用于基准测试目的的随机单词的大型文本文件字典?
我想知道是否有人可以向我指出一个非常非常大的随机单词字典,可以用来测试一些高性能字符串数据结构?我发现一些在 ~2MB 范围内...但是如果可能的话我想要一些更大的。我猜测某个地方必须有一些可以使用的大型标准字符串数据集。谢谢!
I was wondering if anyone could point me to a very very large dictionary of random words that could be used to test some high performance string data structures? I'm finding some that are in the ~2MB range... however I'd like some larger if possible. I'm guessing there has to be some large standard string dataset somewhere that could be used. Thanks!

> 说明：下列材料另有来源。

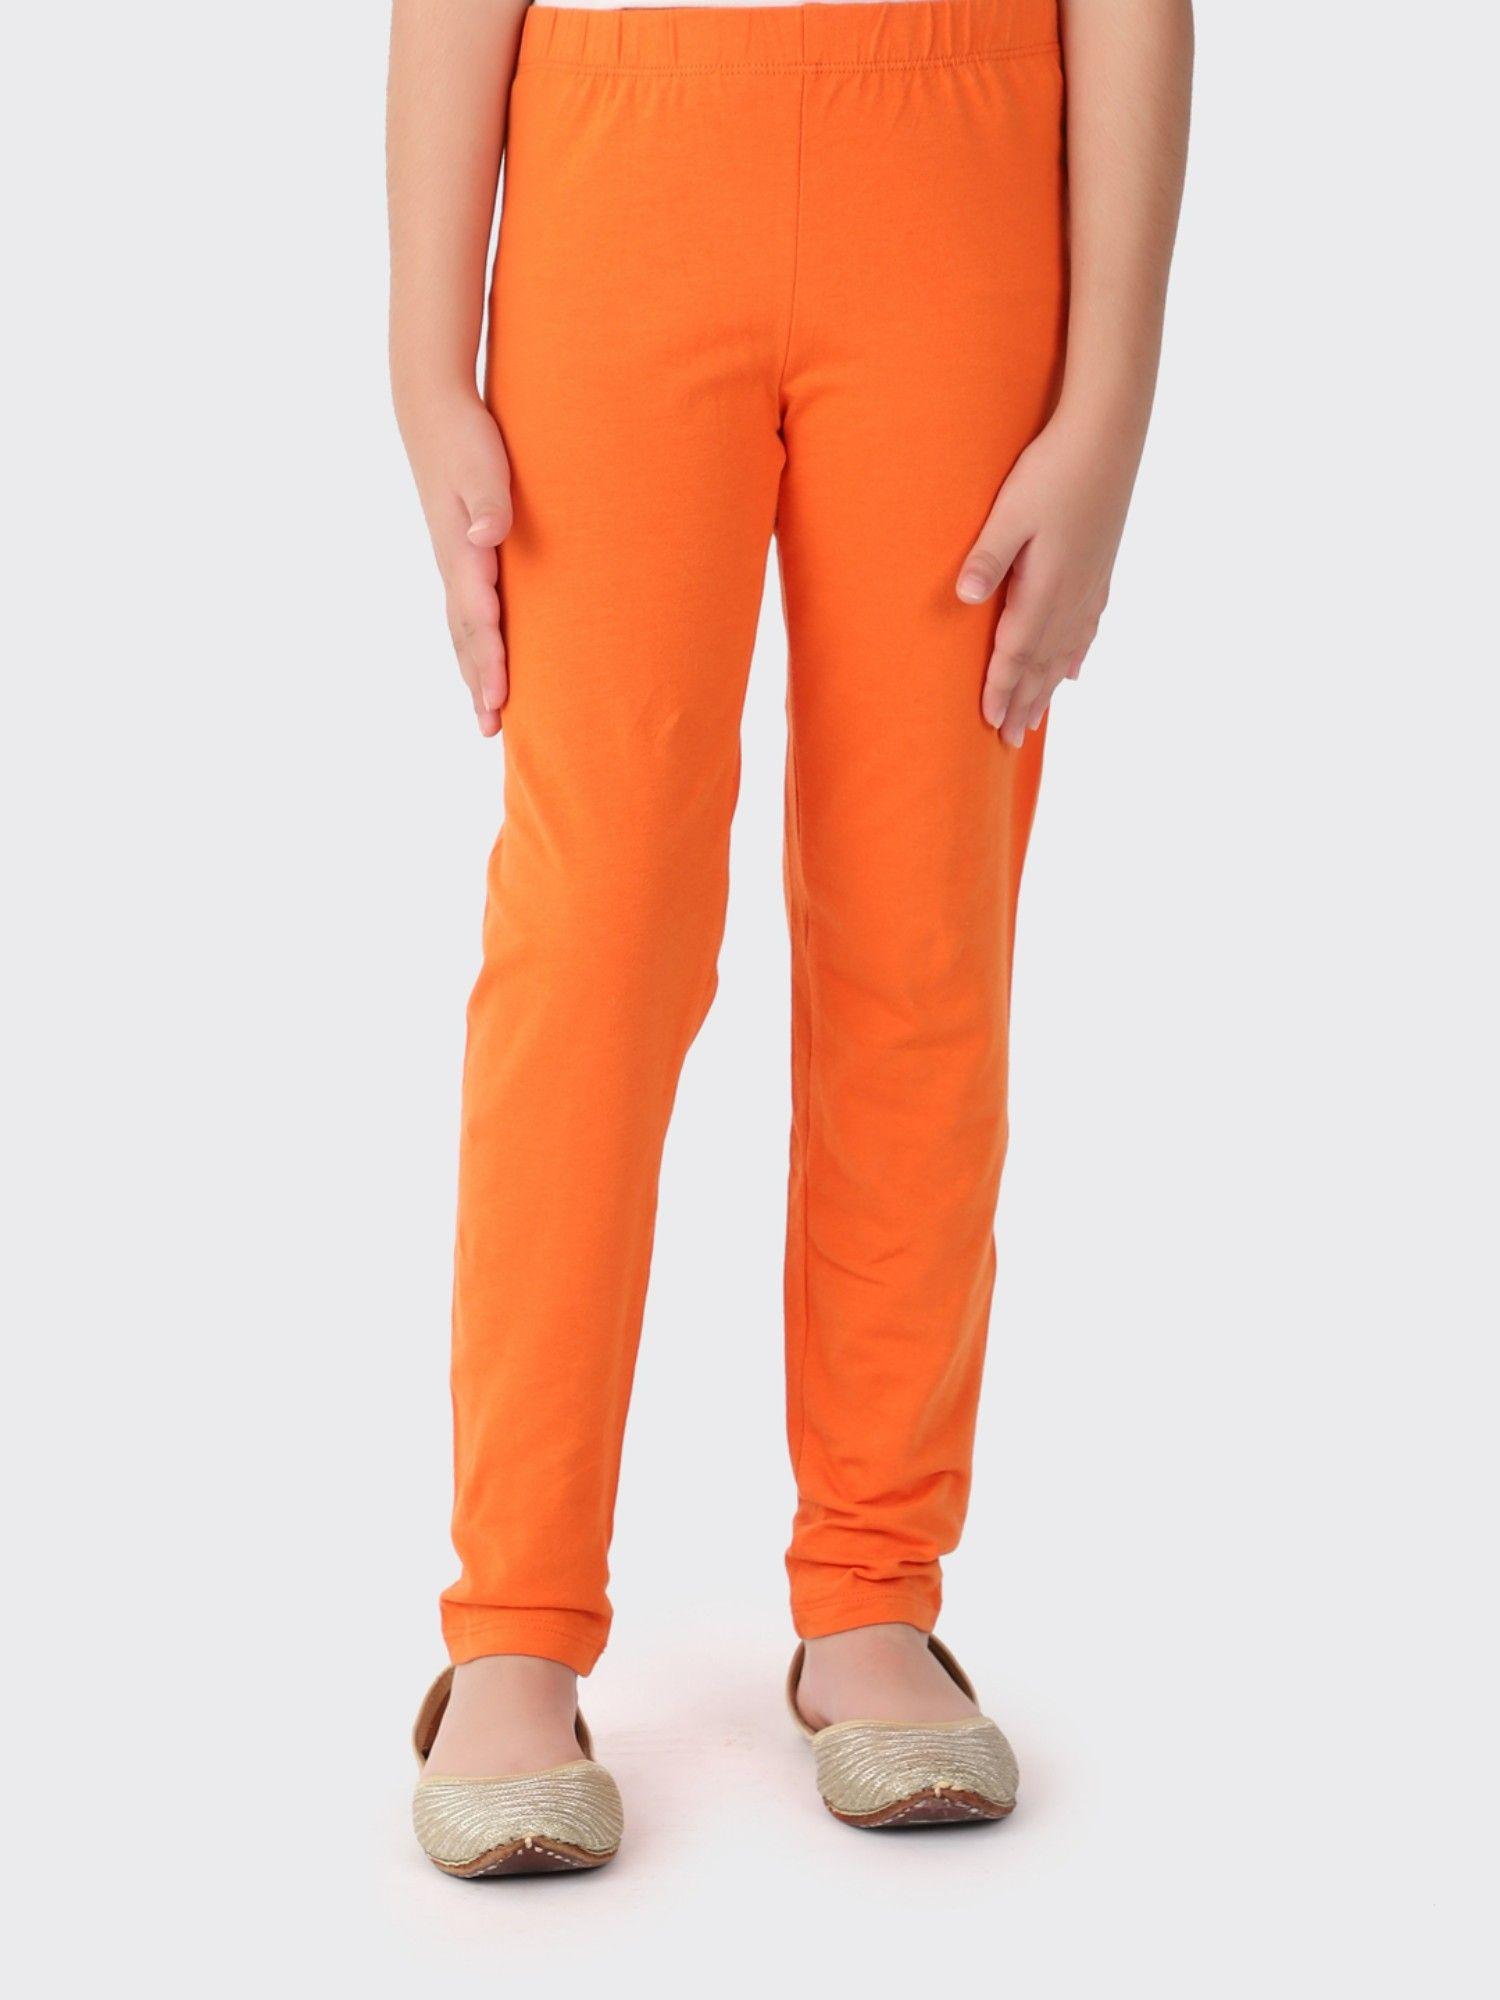 orange-cotton-blend-legging

如果你对这篇内容有疑问,欢迎到本站社区发帖提问 参与讨论,获取更多帮助,或者扫码二维码加入 Web 技术交流群。

绑定邮箱获取回复消息
由于您还没有绑定你的真实邮箱,如果其他用户或者作者回复了您的评论,将不能在第一时间通知您!
更多
发布评论
评论(2)
http://norvig.com/big.txt
Norvig 的拼写检查器文章中提到了上述链接 - < a href="http://norvig.com/spell- Correct.html" rel="nofollow">http://norvig.com/spell- Correct.html
http://norvig.com/big.txt
The above link was mentioned in Norvig's spell checker article - http://norvig.com/spell-correct.html
我建议您浏览一下 TREC(文本检索会议)上提供的材料。一些可能满足您要求的好的数据集。
I'd recommend taking a look through the material available at the TREC (Text REtrieval Conference). Some good datasets which might meet your requirements.